I would like to get a good understanding of what would be the price (in terms of $) of using DynamoDB Titan backend. For this, I need to be able to understand when DynamoDB Titan backend does reads and writes. Right now I am pretty clueless.
Ideally I would like to run a testcase which adds some vertices, edges and then does a rather simple traversal and then see how many reads and writes were done. Any ideas of how I can achieve this? Possibly through metrics?
If it turns out I can't extract this information myself, I would very much appreciate a first brief explanation about when DynamoDB Titan backend performs reads and writes.
For all Titan backends, to understand and estimate the number of writes, we rely on estimating the number of columns for a given KCVStore. You can also measure the number of columns that get written using metrics when using the DynamoDB Storage Backend for Titan.
To enable metrics, enable the configuration options listed here.
Specifically, enable lines 7-11.
Note the max-queue-length configuration property. If the executor-queue-size metric hits max-queue-length for a particular tx.commit() call, then you know that the queue / storage.buffer-size were not large enough.

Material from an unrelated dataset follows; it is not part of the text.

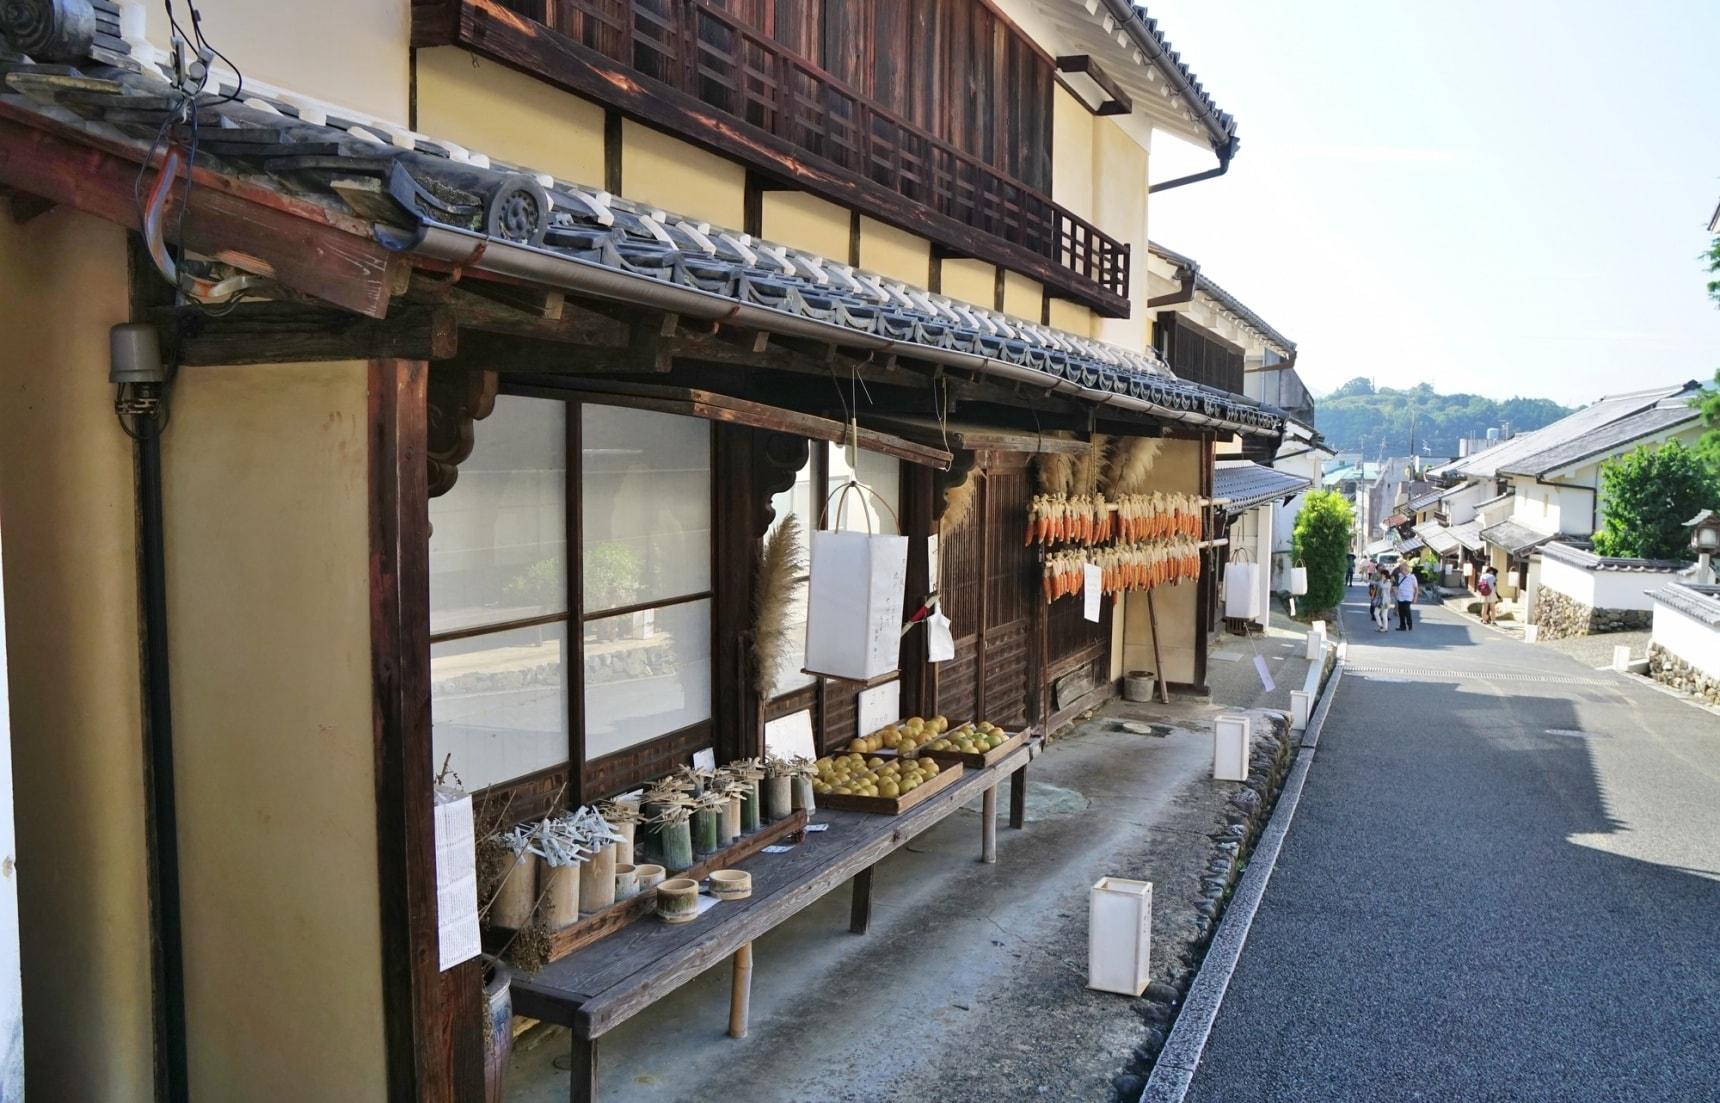 漫步木蠟與白壁之鄉・愛媛「内子」,下榻結合在地文化特色的質感旅宿

Once the executor-queue-size metric peaks without reaching max-queue-length, you know you have captured all the columns being written in a tx.commit() call, so that will give you the number of columns being changed in a tx.commit(). You can look at UpdateItem metrics for edgestore and graphindex to understand the spread of columns between the two tables.
All Titan storage backends implement KCVStore, and the keys and columns have different meanings depending on the kind of store. There are two stores that get the bulk of writes, assuming you have not turned on user-defined transaction logs. They are edgestore and graphindex.
The edgestore KCVStore is always written to, regardless of whether you configure composite indexes. Each edge and all of the edge properties of that edge are represented by two columns (unless you set the schema of that edge label to be unidirectional). The key of edge columns are the out-vertex of an edge in the direct column, and the in-vertex of an edge in the reverse. Again, the column of an edge is the in-vertex of an edge in the direct column, and the out-vertex of an edge in the reverse. Each vertex is represented by at least one column for the VertexExists hidden property, one column for a vertex label (optional) and one column for each vertex property. The key of vertices is the vertex id and the columns correspond to vertex properties, hidden vertex properties, and labels.
The graphindex KCVStore will only be written to if you configure composite indexes in the Titan management system. You can index vertex and edge properties. For each pair of indexed value and edge/vertex that has that indexed value, there will be one column in the graphindex KCVStore. The key will be a combination of the index id and value, and the column will be the vertex/edge id.
Now that you know how to count columns, you can use this knowledge to estimate the size and number of writes to edgestore and graphindex when using the DynamoDB Storage Backend for Titan. If you use the multiple-item data model for a KCVStore, you will get one item for each key-column pair. If you use the single-item data model for a KCVStore, you will get one item for all columns at a key (this is not necessarily true when graph partitioning is enabled but this is a detail I will not discuss now). As long as each vertex property is less than 1kb, and the sum of all edge properties for an edge are less than 1 kb, each column will cost 1 WCU to write when using multiple-item data model for edgestore. Again, each column in the graphindex will cost 1 WCU to write if you use the multiple-item data model.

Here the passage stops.